DATE        status       code                       value     value2
"2016-01-26","Subscription All","119432660","1315529431362550","0.0080099833517888"
"2016-01-26","Subscription All","119432664","5836995058433524","0.033825584764444"
"2016-01-26","Subscription All","119432664","8287300074499777","0.076913377834744"
"2016-01-26","Subscription All","119432664","14870697739968326","0.0074188355187426"

My code used to format the data:

    CSVReader reader = new CSVReader(new FileReader(new File(fileToChange)), CSVParser.DEFAULT_SEPARATOR, CSVParser.NULL_CHARACTER, CSVParser.NULL_CHARACTER, 1)
    info "Read all rows at once"
    List<String[]> allRows = reader.readAll();

    CSVWriter writer = new CSVWriter(new FileWriter(fileToChange), CSVWriter.DEFAULT_SEPARATOR, CSVWriter.NO_QUOTE_CHARACTER)
    writer.writeAll(allRows)
    writer.close()

The output i get is this, with extra quote added instead of removing it.

""2016-01-26"",""Subscription All"",""119432660"",""1315529431362550"",""0.0080099833517888""
""2016-01-26"",""Subscription All"",""119432664"",""5836995058433524"",""0.033825584764444""
""2016-01-26"",""Subscription All"",""119432664"",""8287300074499777"",""0.076913377834744""
""2016-01-26"",""Subscription All"",""119432664"",""14870697739968326"",""0.0074188355187426""

I want to remove the quotes. Please can someone help.

Also, is it possible to change the date format to yyyymmdd instead of yyyy-mm-dd?

   allRows.each { String[] theLine ->
        String newDate = theLine[0].replaceAll('-', '')
        String newline = theLine.eachWithIndex { String s, int i -> return i > 0 ? s : newDate}
        writer.writeLine(newline)
    }

Thanks

user175084
  • 4,550
  • 28
  • 114
  • 169
  • 1
    It seem to be not a bug, csv reader reads qoute character as part of the string, and writer outputs it as part of the value, but also esca[es as double qoute. Looke here for more info: http://stackoverflow.com/questions/13969254/unwanted-double-quotes-in-generated-csv-file – Dzmitry Paulenka Feb 01 '16 at 21:02
  • 1
    I would +1 but seem to be out of votes for the day... sigh! – Jim Garrison Feb 01 '16 at 21:15

3 Answers3

3

When you instantiated your CSVReader you told it to treat no characters as quotes, therefore it read the existing quotes as data and did not remove them.

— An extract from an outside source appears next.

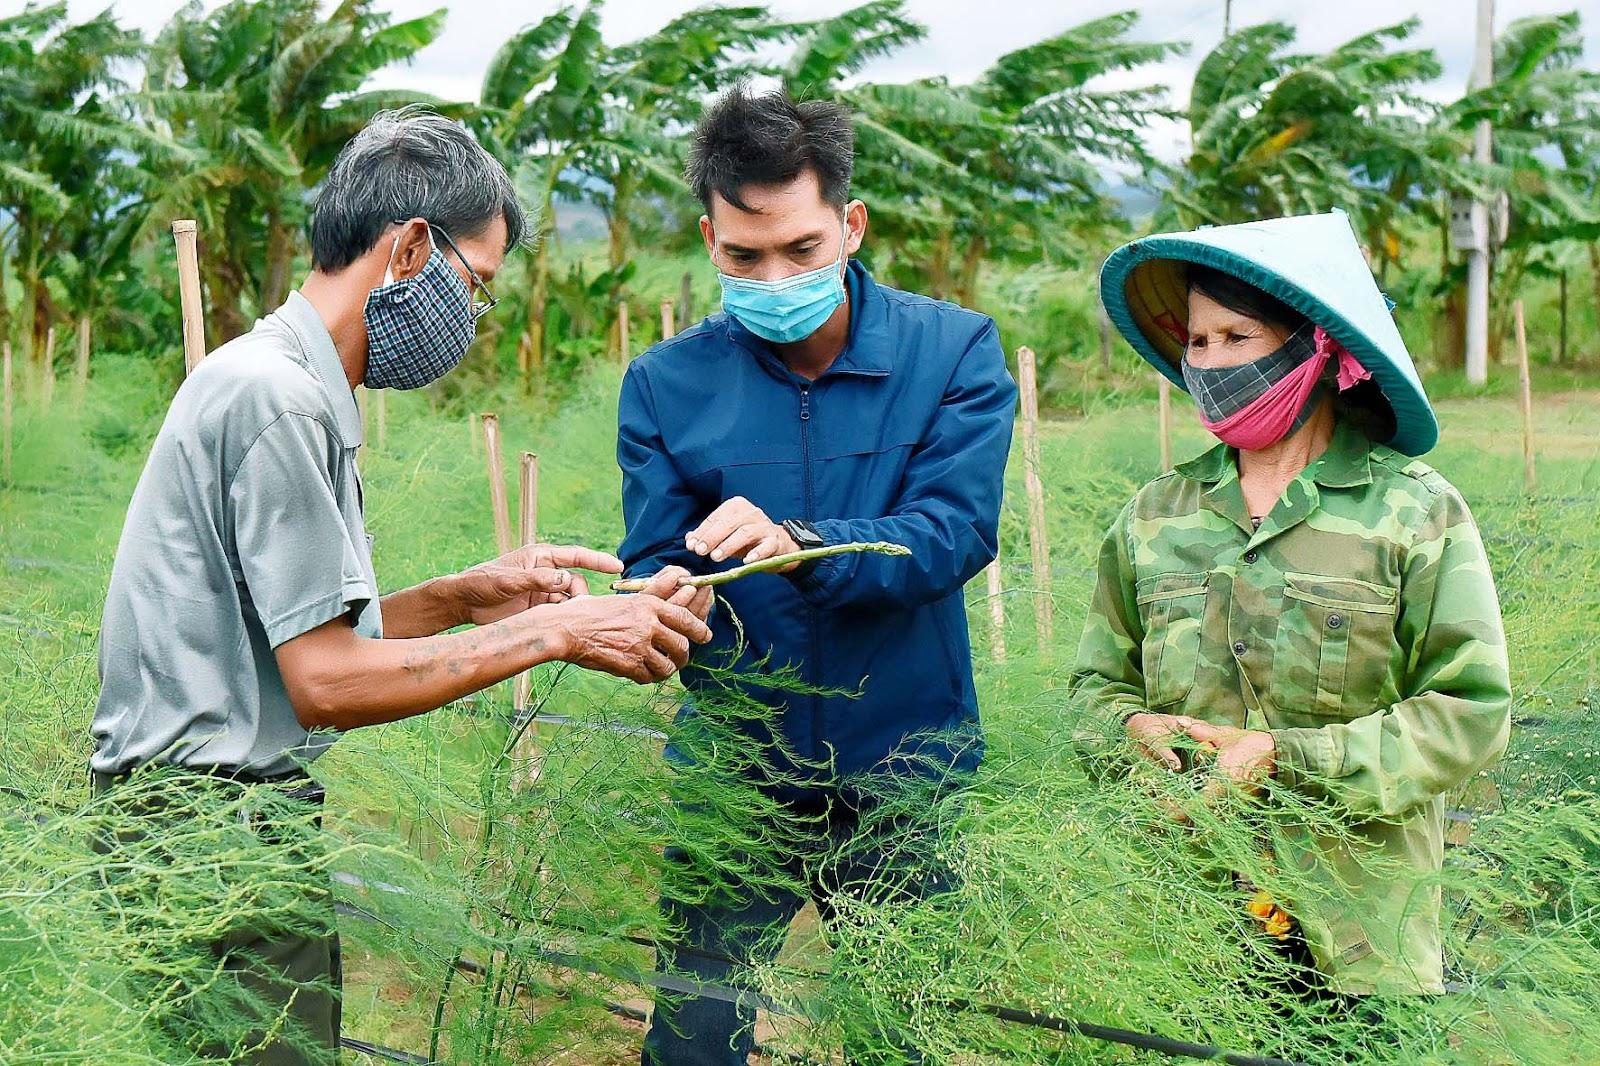 6. Theo ông Nguyễn Văn Minh (thôn Tân Phong, xã Tân An), gia đình ông trồng măng tây được 5 tháng, đến nay đã cho thu hoạch. Mỗi ngày thu từ 4-5 kg, giá bán dao động từ 40-45 ngàn đồng/kg, mang lại nguồn thu cao gấp 2-3 lần các loại rau khác.

When you told CSVWriter not to add any quotes it honored your request. However, the input data contained quote characters, and the convention for including quotes inside a string in CSV is to double the quotes. Thus the string value

ABC"DEF

gets coded in CSV as

"ABC""DEF"

So the result you see is the combination of not removing the quotes on input (you told it not to) and then doubling the quotes on output.

To solve this change the input option from NULL_CHARACTER to DEFAULT_QUOTE_CHARACTER. However be aware that if any of your data actually contains embedded quotes or commas the resulting output will not be valid CSV.

Also I think this might be a valid bug report against OpenCSV. I believe that OpenCSV needs to inform you if it is about to generate invalid CSV when you told it to omit quotes, probably via a runtime exception. Although I suppose they might argue that you chose to work without a net and should accept whatever you get. Personally I go for the "principle of least surprise", which IMHO would be not to double quotes when the output is unquoted.

Jim Garrison
  • 85,615
  • 20
  • 155
  • 190
2

Because quotation in your CSVReader is set to CSVParser.NULL_CHARACTER " is treated as normal character which is part of read token. This causes your array to contain data in form:

["2016-01-26", "Subscription All", "119432660", "1315529431362550", "0.0080099833517888"]

rather than:

[2016-01-26, Subscription All, 119432660, 1315529431362550, 0.0080099833517888]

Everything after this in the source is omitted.